Tuesday 12 July 2011

We think the ladies protest too much . . .


As we drove one of our many practice Ferraris home from ND Central this evening across the high moorland and forest covered hills of rural Northernshire we were listening to the bleatings of a poor Northernshire citizen an alleged victim of the current cause celebre in the UK the phone hackings by the Press of certain peoples’ private data.

In medicine we would call this a breach of confidentiality which is a serious charge against a doctor and yet the loudest of the little bleaters was not one of the numerous maturing lambs we drove past on our way home but one of the biggest advocates of weapons of mass disclosure in our history none other than Gordon Brown something MP, sometime unelected Prime Minister and “saviour” of the World from the destruction of his own making.

On the Radio 4 news programme this evening he said as follows and if there are any factual typographical errors in this transcription it is because we are not audio/touch typists (our press officers had gone to get a late appointment but they were delayed due to leaves on the line):

“. . . if I with all the protection and all the defenses and all of the security that a chancellor of the exchequer or a Prime minister, am is so vulnerable to unscrupulous tactics, to unlawful tactics methods that have been used in the way we have found, what about the ordinary citizen?"

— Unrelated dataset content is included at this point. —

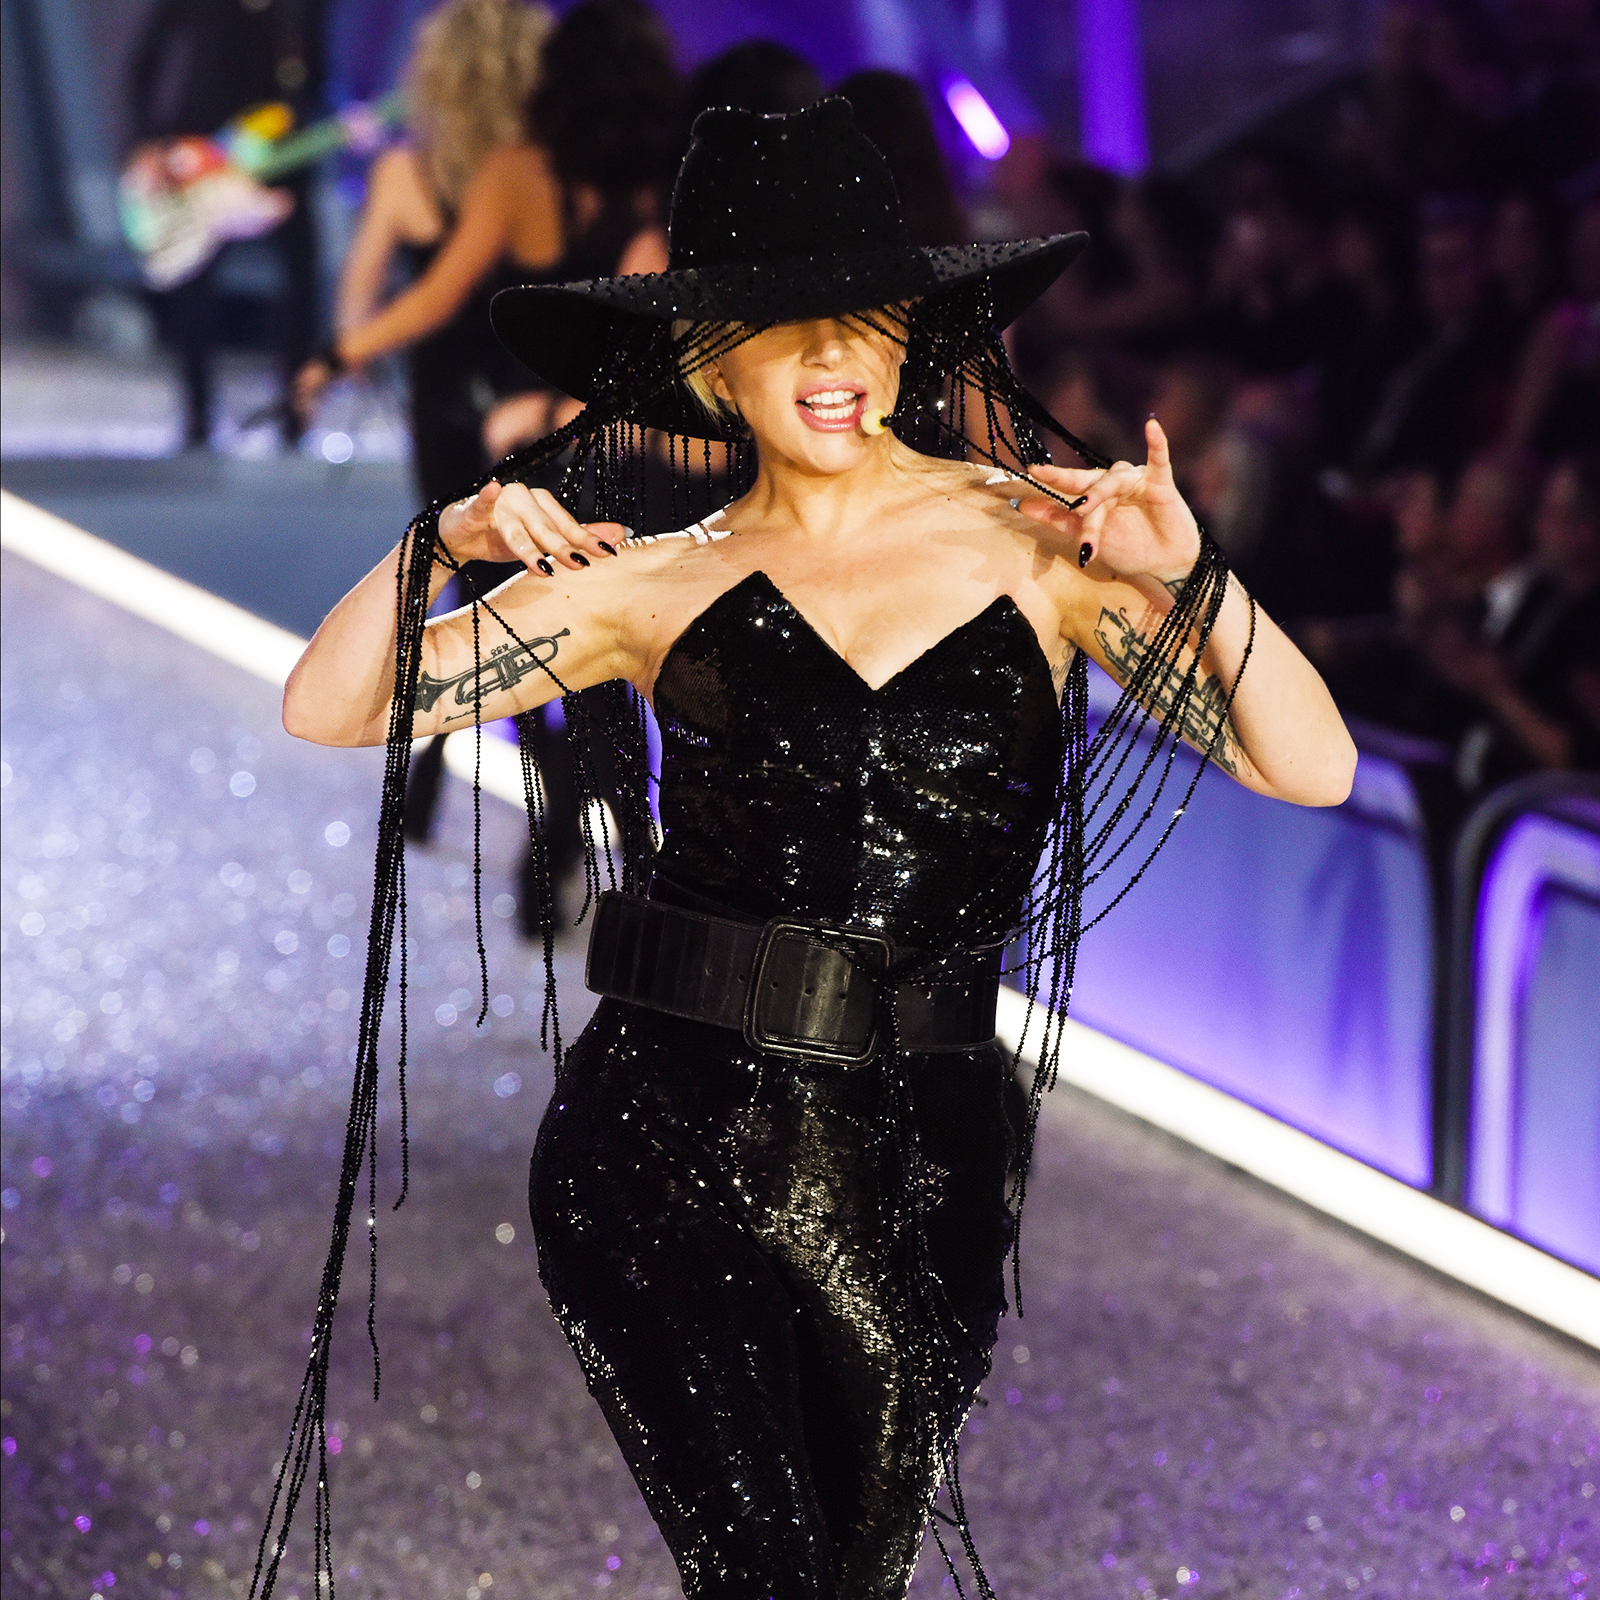 Lady Gaga hats

Yes what about the ordinary citizen Mr Brown? It is reckoned that perhaps 4000 peoples’ mobile phones in a population of 60 million have been hacked but you were, in your ignorance and while in power, more than happy to rush through a process to allow 60 million UK residents’ personal medical records to be uploaded without their active consent on to an inherently insecure government sponsored database with at least a million plus users?

Try doing something you have never done in your life called thinking. Which network is most likely to be hacked? Which network has the most holes?

If you are outraged by the disclosure of your family’s records to a select few journalists via dubious means how do you think an “ordinary citizen” will feel when their medical records are hacked for £ 20 of smack to a receptionist dismissed for drug misuse whose smartcard has not been cancelled? That is how easy it is to hack the Summary Care Record.

That is your creation, it is flawed and useless and if you feel that the disclosure of your childrens’ medical records is a problem then perhaps you ought to start thinking instead of bleating with your political colleagues like a Northernshire lamb.

Praise be to the Party for all of their leaders’ concerns about the confidentiality of the privileged. It would seem that they are all biting the hand that feeds them but what will happen when the hand slaps back?

More importantly when will they finally realise the inherent dangers of centralization of patient’s confidential medical information?